I guess I'm looking for the best value for musicality at a budget price.

Please keep in mind that I might be able to get a $2,000 violin for $1,000 or $1,500 so please give me any ideas you might have.

What brand should I be looking for to get the best sound?

Thanks.


----------



## PolarBear (Jan 16, 2009)

I'm sure you should find something in the $500 range, as around 2/3 of the usual business is already included in that price region. Violins are not that big, that's why they're not so superexpensive. I'd rather advice you a special real instruments forum though, not many players around here. There you're surely find some beginner tips and what to look out for and what to avoid. Some may even know dealers in your region so you can test out for a while if it suits you.


----------



## Hannes_F (Jan 16, 2009)

PolarBear,

my violin is (edited) USD, and yes, that is not really superexpensive ... for violins. I was lucky.

rJames,
try to get an instrument built by David Lien from taiwan, his workshop builds nice instruments in that range.


----------



## RiffWraith (Jan 16, 2009)

PolarBear @ Sat Jan 17 said:


> Violins are not that big, that's why they're not so superexpensive.



LOL - that's funny. Good joke.

rJames: I started to take lessons a while ago, and bought a cheapie. I spoke to my prospective teacher prior to my first lesson and prior to my purchase. I asked her about price range, and she told me if I was serious, to not spend less than $1500. Well, I wound up spending $500, which included the case and bow, and it was about the least expensive I could find for a full-size violin. There actually was one for $300, but that was about to literally fall apart in my hand when I picked it up. So, I opted for the $500 one. I get to the teacher's house, and she, at the end of our first lesson, played my violin, and then played hers, which was worth close to half a mil. I mean, she has played Carnagie...yanno. The difference in tone was nothing short of astounding. Which didn't exactly surprise me, but when you say "to get the best sound", I think of that moment. I understand you are not looking for a great sounding instrument, but if you think you are going to get something that sounds good in your price range, you can forget it.

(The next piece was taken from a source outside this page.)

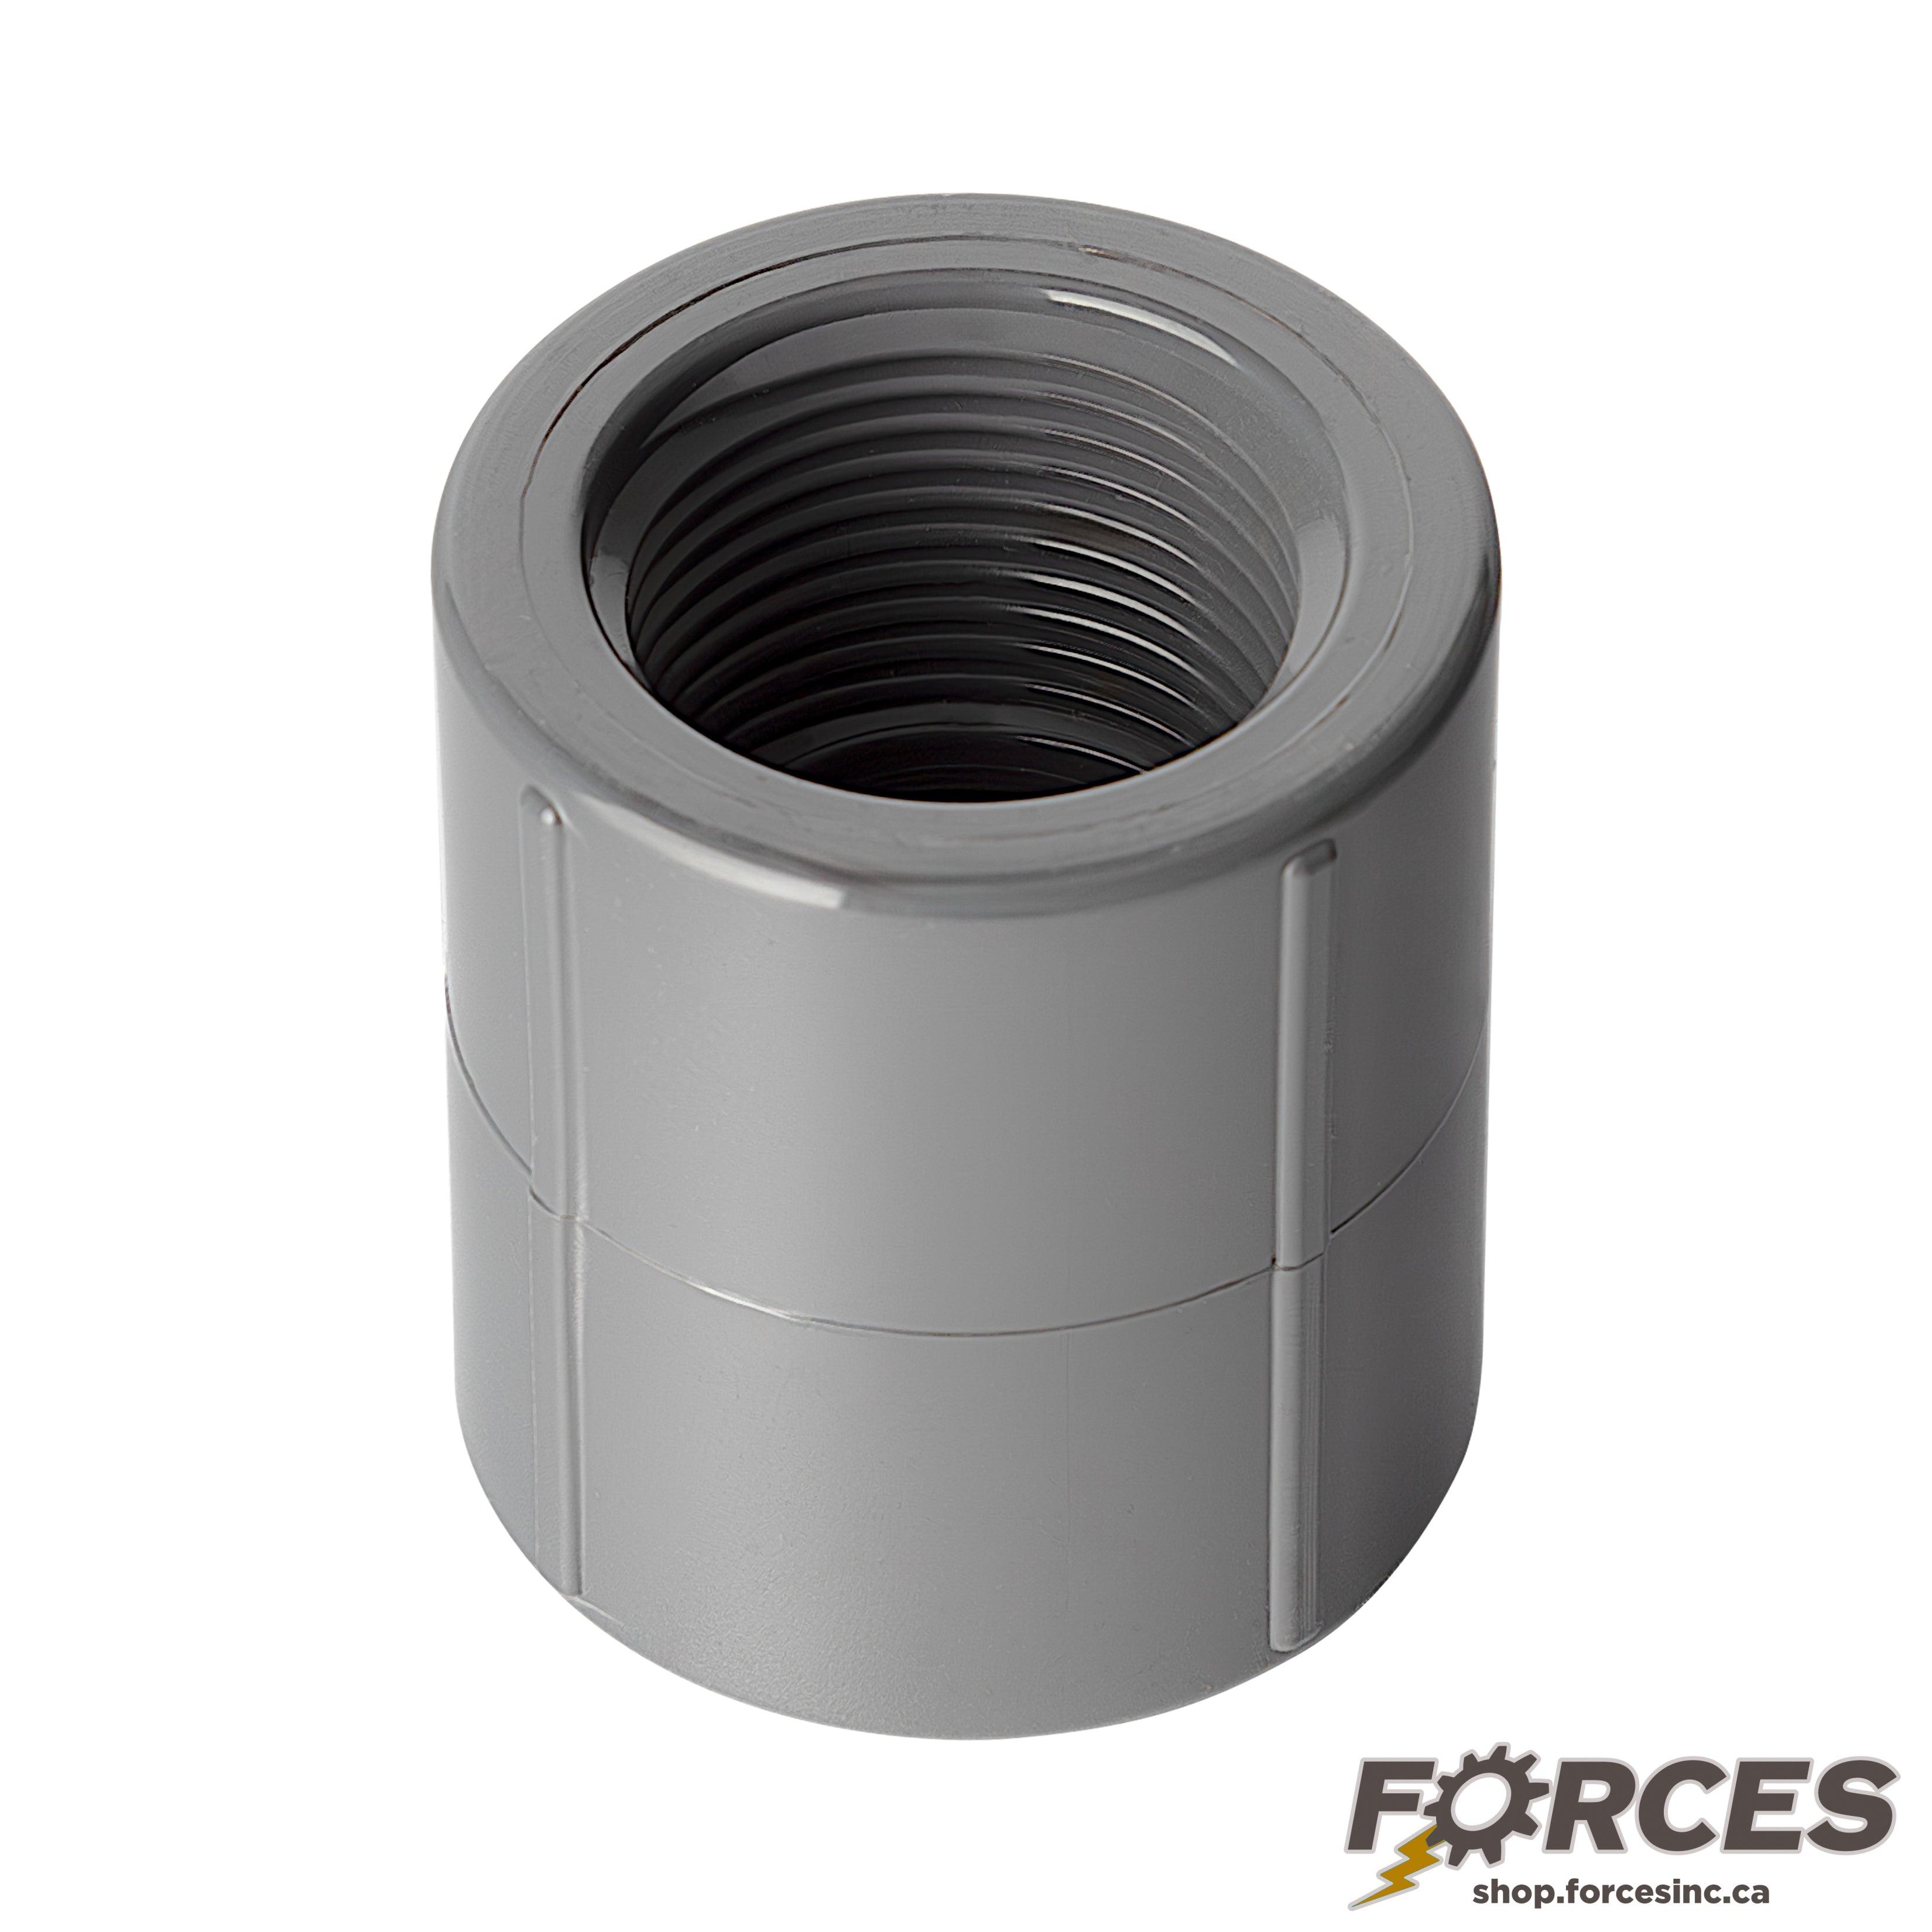 3/4" Coupling (Threaded) Sch 80 - PVC Grey | 830007 - Forces Inc

Best of luck - let us know how it goes.


----------



## Hannes_F (Jan 16, 2009)

Well, nevertheless try out a David Lien instrument if you can. He studied violin in vienna and then violin making in cremona and now works in taiwan. I have played decent violins for EUR 1000 that normally should cost EUR 3000 if being built in the western world and were not so bad.


----------



## rJames (Jan 17, 2009)

thanks everyone. I will look for David Lien.


----------



## PolarBear (Jan 17, 2009)

Hannes_F @ Sat Jan 17 said:


> PolarBear,
> 
> my violin is 24,000 USD, and yes, that is not really superexpensive ... for violins. I was lucky.


You're not defeating my point with that  Actually... well. I don't know if I would shell out that big cash on something I'm not sure to endure for too long. Did you start with that instrument? I bet not.


----------



## Hannes_F (Jan 17, 2009)

PolarBear,

you seemed to indicate that size of an instrument is the most important parameter for the price. Recently I picked up a conga that should be more expensive than a violin then ... but was only 80 EUR ... 8)

But if you say that a cello usually costs more than a violin of equal quality then I am with you (a cello needs 450 hours for the making opposed to 250 hours for a violin). 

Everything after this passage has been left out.